Meditation mimics the positive function of sleep by allowing the mind to achieve a respite from thoughts, a respite that can form a practiced understanding of balance and health. Sleep then is freed to complete its function of scavenging for bad effects in the mind. Dreaming becomes creative and playful rather than instrumental and function. In the latter state, the subconscious mind needs to work with projections and symbols of repressed fears and anxieties. Constructive dreaming demonstrates the potential of all of us to create, to maintain a convivial relationship to our environment, to our world, and to the natural world especially.

The whole of dream interpretation remains too embedded in Freudian typology, which reduces dream content to representations of specific objects and meanings. While we cannot take Freud’s symbolism literally, the notion that certain objects represent certain emotions is now taken for granted, especially after Jung. Situational presentation of the symbols is what counts, however. A bear in a dream, for example, may represent a menace or may represent innocence, clumsiness, or naivete. Though books offer dream interpretation as how-to manuals, most of what we dream and what the objects represent have to do entirely with our own situations.

Art and creativity is lucid dreaming. They express what is within through a channel of emptiness within the mind, like an aperture in our otherwise conscious and tight mind, like sunlight behind the mask or masks we may be carrying. The artist is someone who has discovered the aperture from which creativity can bypass the masks. The aperture widens as the masks shrink. Art is so often pursued in privacy and solitude because the creation of art is an intensely subjective activity, intensely personal, like a dream not to be interrupted, like meditation not to be interrupted.

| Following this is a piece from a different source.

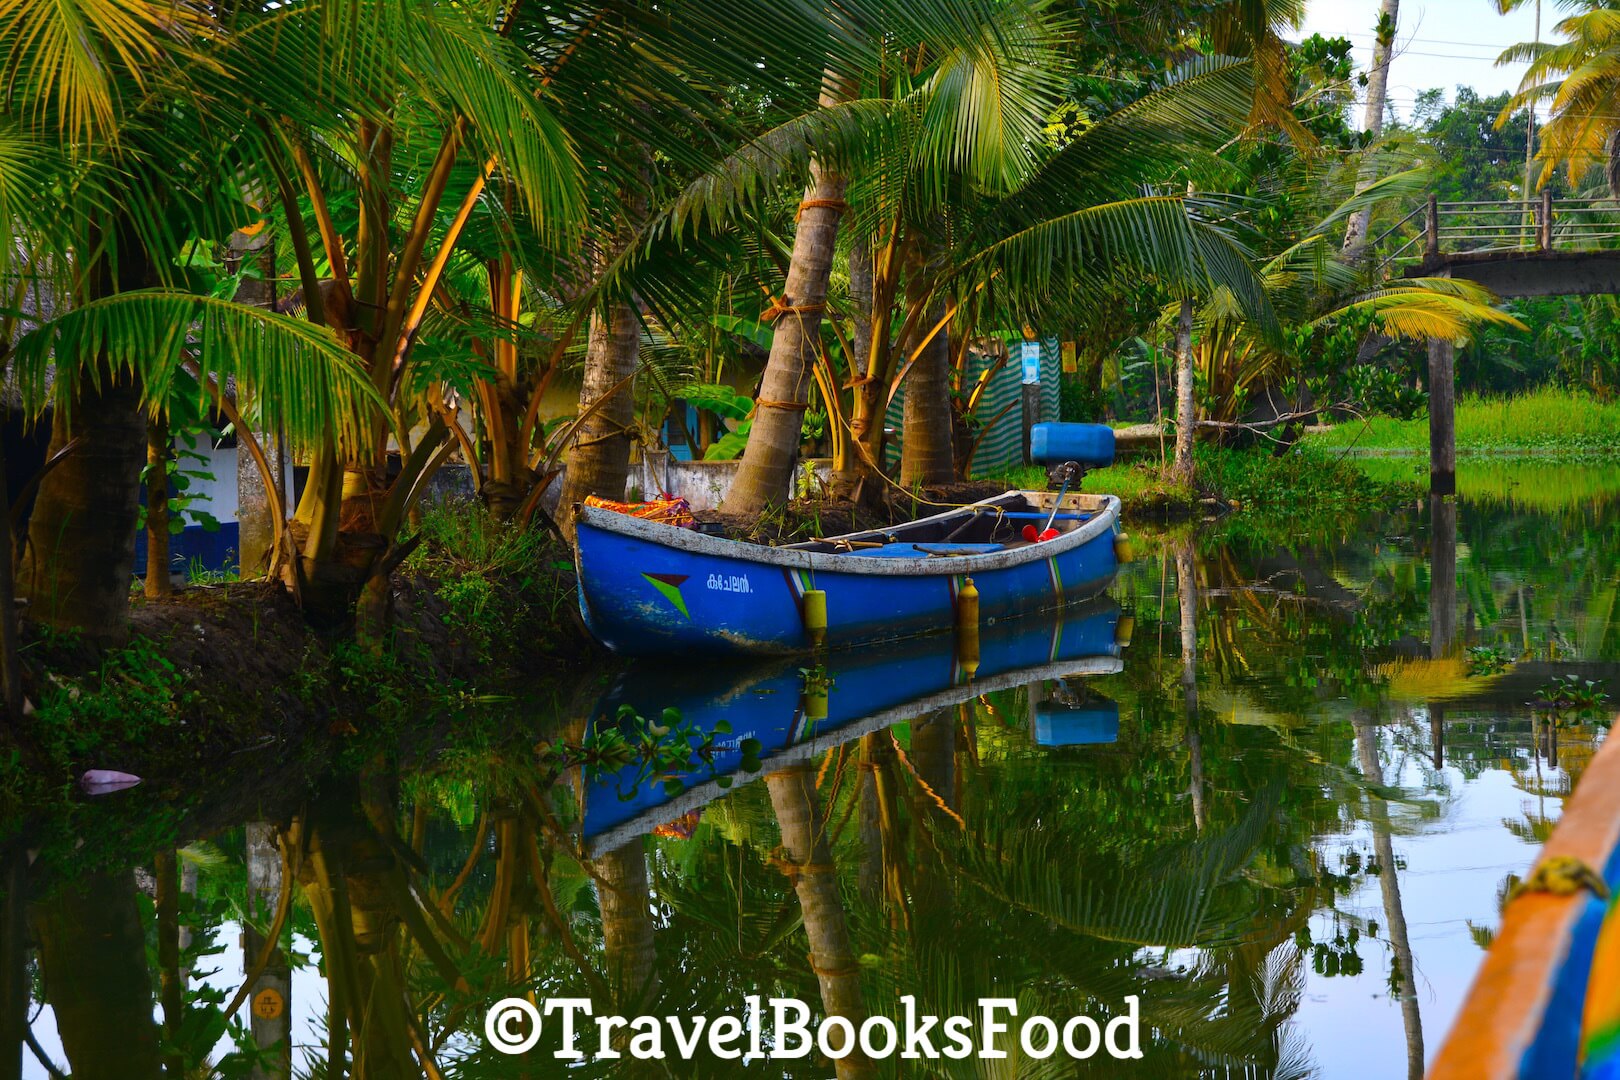 Photo of a blue fishing boat surrounded by coconut trees in Kerala, India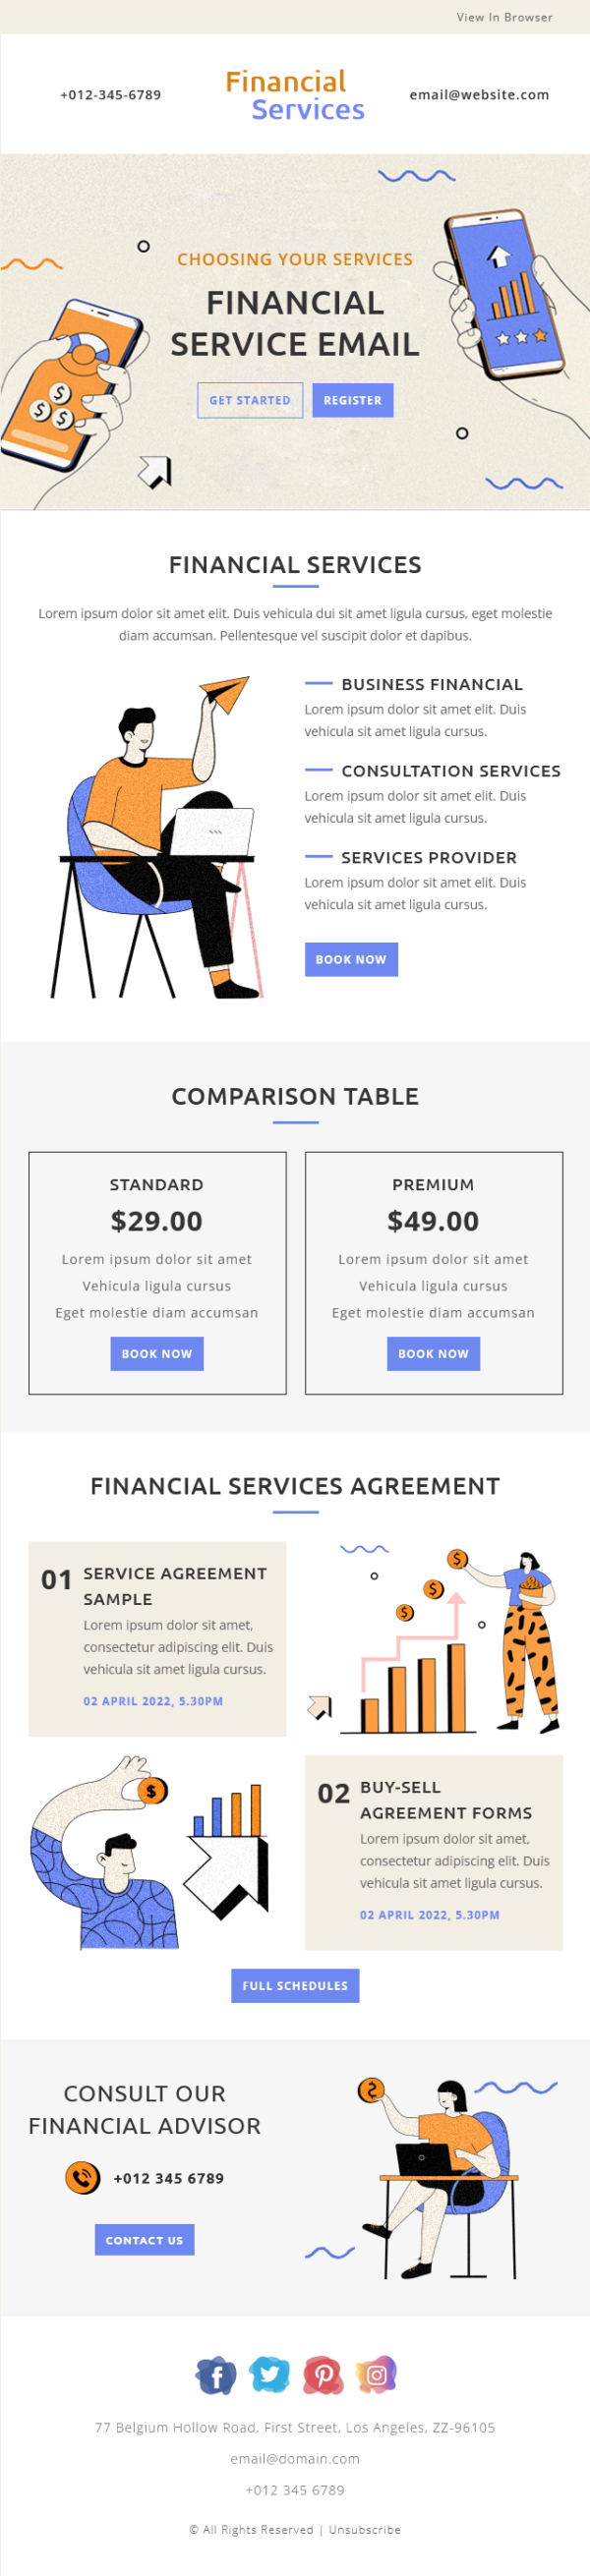 Financial Services - Multipurpose Responsive Email Template

Yet this creativity, the potential to express the deepest feelings and perceptions, exists in every person. This creativity is not expressed by every person not because of shame or guilt over its content or a sense of humility in relation to other. In part, the skills and aptitude will never be discovered because most people take socialization as a terminus to creativity, a vast conforming to and pursuit of what society and culture demands, a constant chase after its design and presentation of reality. The suppression of self and potential becomes a necessity not so much for social function but for civil order and cultural conformity and control. The waste of creativity is the extinction of individual potential, regardless of whether potentially expressed as art or other self-expression. Few people ij life even perform the work that they like, let alone express creativity of any sort.

To rediscover creativity in the self is to discover potential. To express that which will develop potential in the self requires first access to the tools of the mind, combined with the tools of the environment. To begin this process one cannot assume the gift of the artist, which is the gift of accessing the aperture in the subconscious mind. To begin this process requires the detoxifying of the mind’s accretions derived from society, culture, and the baggage of self. At the heart of this process cannot be mere belief or hope or desire but simply practice, meditative practice, in whatever form the individual discovers it to be most efficacious.

Even if our potential seems to dissipate in the passage of time and responsibilities, the moments of contentment that result from meditative practice will filter the mind, the emotions, the instincts. Practice brings the respite of solitude and silence that permits moments of insight and contentment.